23 Febbraio 2019

Beato chi occupa poco spazio per vivere

Sul KorKor Maryam, la montagna di Maria, nel Nord dell’Etiopia. In compagnia di una monaca, vedova, povera, rannicchiata dentro sé stessa. Non sono riuscito a diventare piccolo come lei.

Monaca in Etiopia

Pensavo di raccontarvi, con una immagine, una mia piccola, personale impresa. A dicembre, dopo venticinque anni, ero salito nuovamente sul pianoro di alta quota di KorKor Maryam, la montagna di Maria, in vetta all’amba Gheralta, nel cuore del Tigray etiopico, Nord del paese. Non è gran cosa: ma io soffro di vertigini e salire lassù, arrampicandomi per passaggi rocciosi esposti, è stato atto di incoscienza e orgoglio. Non ci sarei mai riuscito se un ragazzino non mi avesse tenuto per mano e non mi avesse protetto dal vuoto. Dalla sensazione del vuoto. Pensavo di mettere una foto che mostrasse la meraviglia di quel confine sacro tra roccia e cielo.

Ma poi ho incontrato una donna. Una monaca. Conosco queste terre ortodosse, dovrei esserci abituato. Le monache, spesso vedove dei preti, indossano una ruvida tunica di color giallo sgargiante. Hanno una berretta con su cucita una croce. Sono vecchie, sole, ossute, raggrinzite. Aspettano. Vivono di elemosine e del poco cibo che rimediano dai contadini. Aspettano di morire. I loro occhi sono fessure, le loro mani si protendono quando si rendono conto che un bianco sta passando a poca distanza da loro. Si sforzano in una invocazione. Ho l’idea che abbiano sempre fame.

Quando sono arrivato in cima a KorKor Maryam, dopo essermi calmato, mi sono seduto a una distanza rassicurante dal precipizio. Non mi ero accorto della monaca, eppure era a un passo da me. In pieno sole. Ha mugolato qualcosa, mi guardava schermandosi gli occhi con una mano. Io non riuscivo a staccare il mio sguardo da lei. Era rannicchiata dentro sé stessa. Le gambe raccolte al petto. I piedi nudi. Le mani da scheletro, il naso aguzzo. A chi poteva chiedere elemosina, se solo i preti vivono nella solitudine aerea di KorKor Maryam? A noi turisti, immagino. Stava lì, la monaca. Occupava lo spazio dei miei piedi messi uno davanti all’altro. Ho pensato a quanto spazio occupo io. Ho pensato alle statistiche: un arabo del Qatar «consuma» tredici ettari di terra. Come un europeo del Lussemburgo. Ricchezza. Io, a dar retta ai numeri, consumo ben più di cinque ettari. Servono a qualcosa le statistiche?
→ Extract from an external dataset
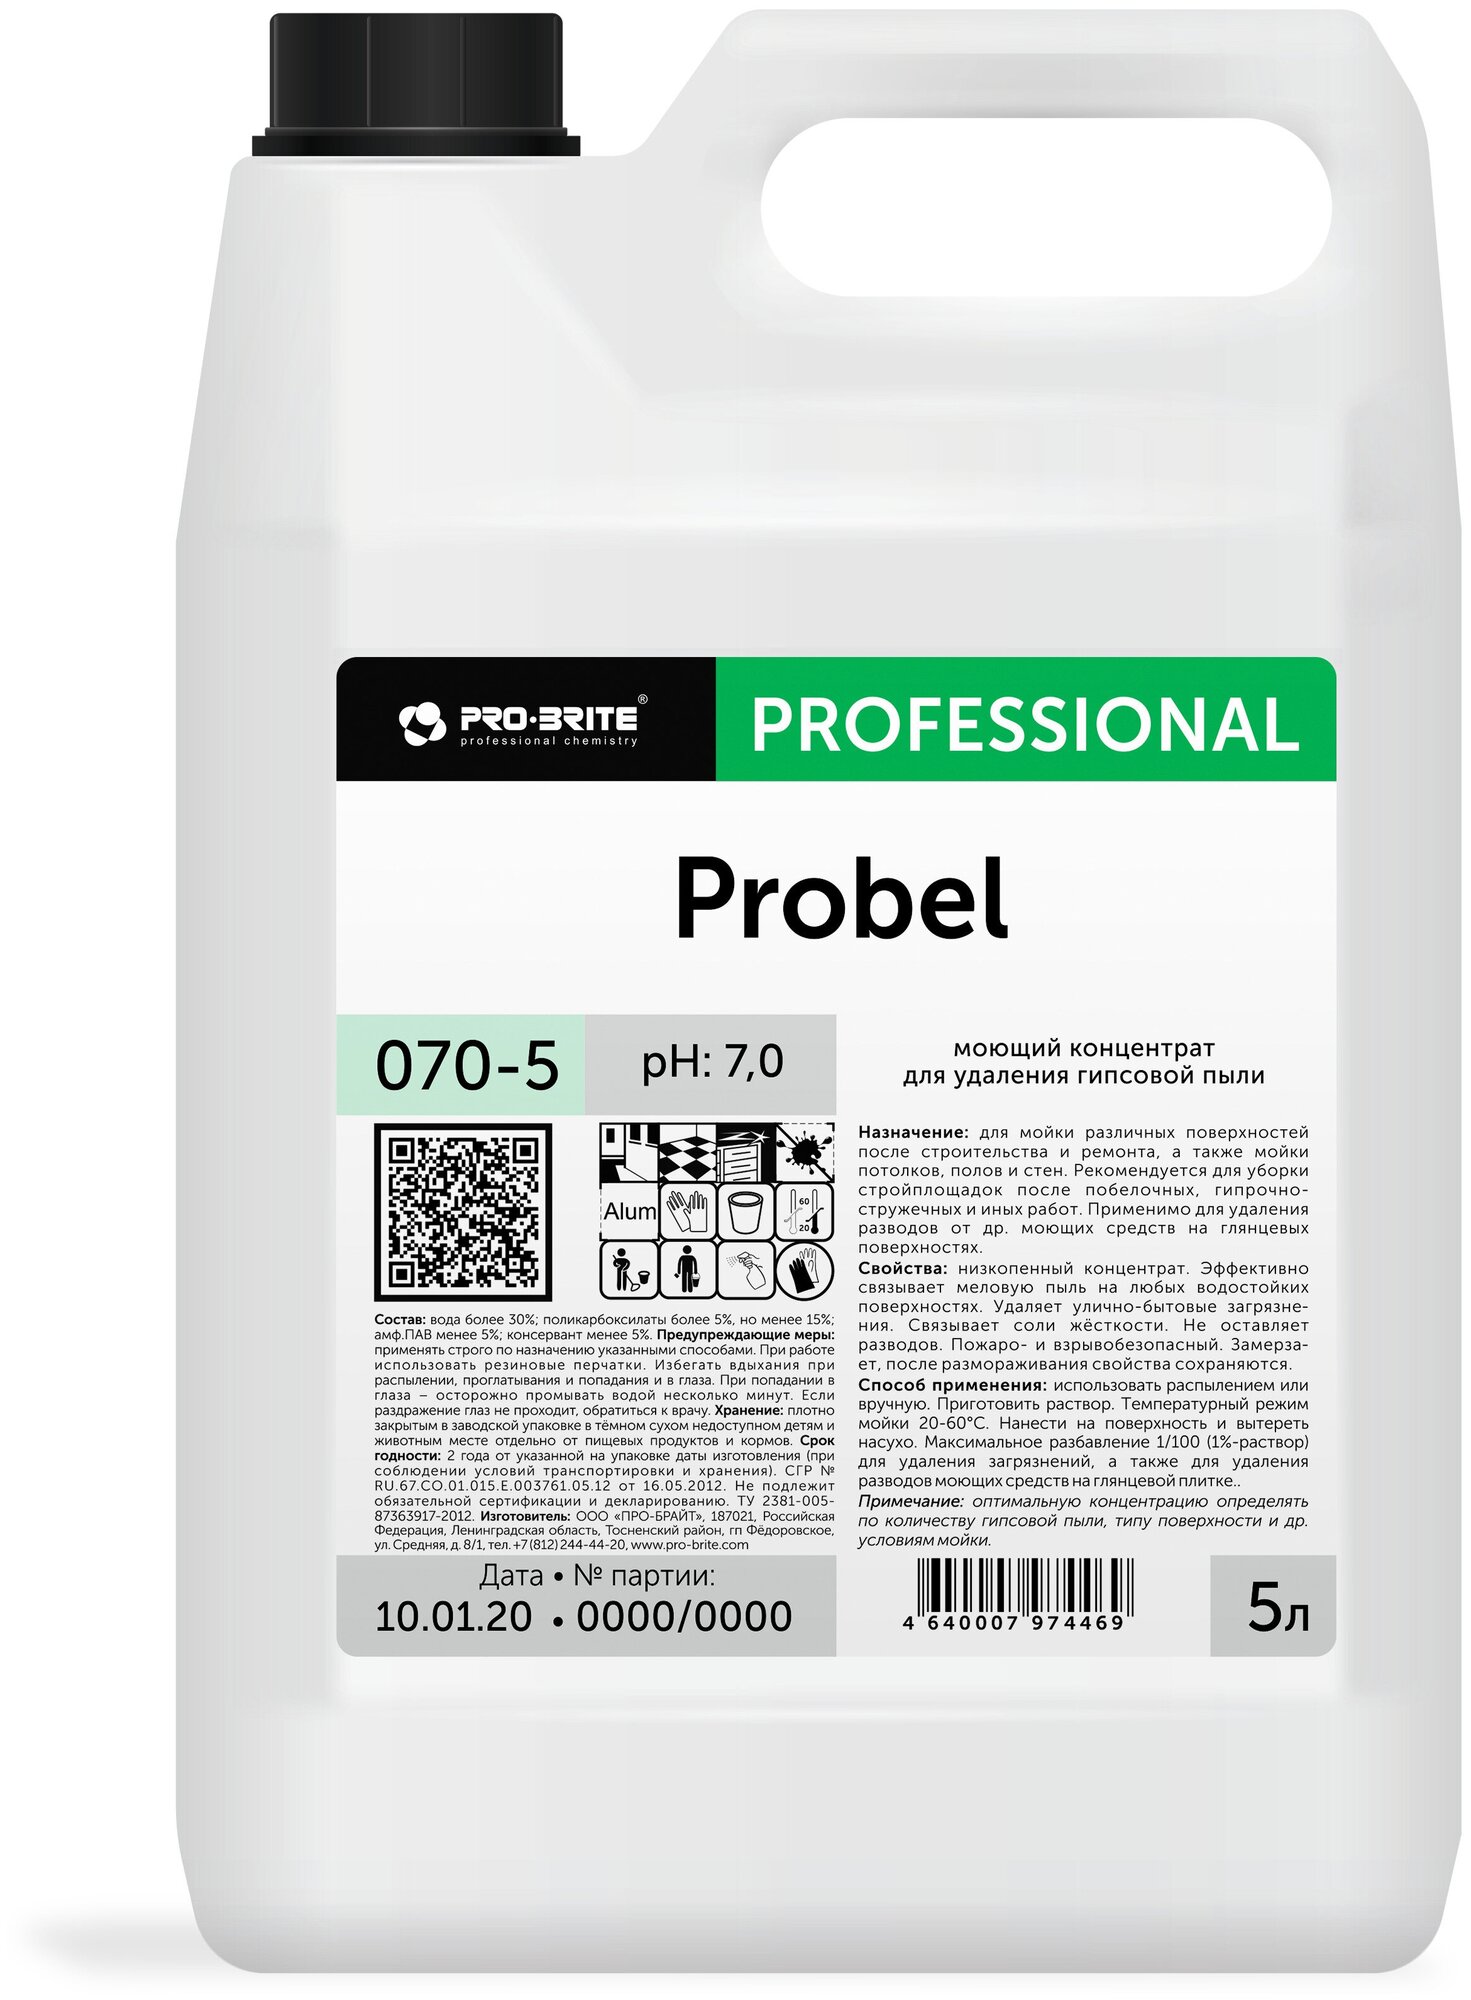 Моющий концентрат для удаления гипсовой пыли PRO-BRITE Probel (5 л)

Cosa mi fanno capire? Mi immagino nella mia città mentre guido la macchina o vado in pizzeria: quanto spazio occupo? Ho fissato i centimetri quadrati dove era rannicchiato il corpo della monaca vestita di giallo. Mi ha chiesto denaro con insistenza, poi si è girata verso la meraviglia del vuoto. Per un’ora non si è mossa. Per un’ora non mi sono mosso. Ero appena dietro di lei. Non sono riuscito a diventare piccolo come lei. Occupavo sempre due, tre volte lo spazio che lei  riusciva ad abitare. Poi, inevitabile, me ne sono andato. Il ragazzino ha ripreso la mia mano e mi ha aiutato a scendere metro dopo metro da quel pianoro. Ho chiuso gli occhi per il tremore. Mi sono affidato al ragazzo. E a ogni passo incerto verso la pianura, mi riappariva la monaca. Non so chi abbia detto: «Beato chi occupa poco spazio per vivere». A valle, ad aspettarmi, un potente fuoristrada.

Non vi mostro la bellezza dell’amba Gheralta, né le architetture rupestri della chiesa di Maryam, ma il volto, tagliato dal sole, della monaca.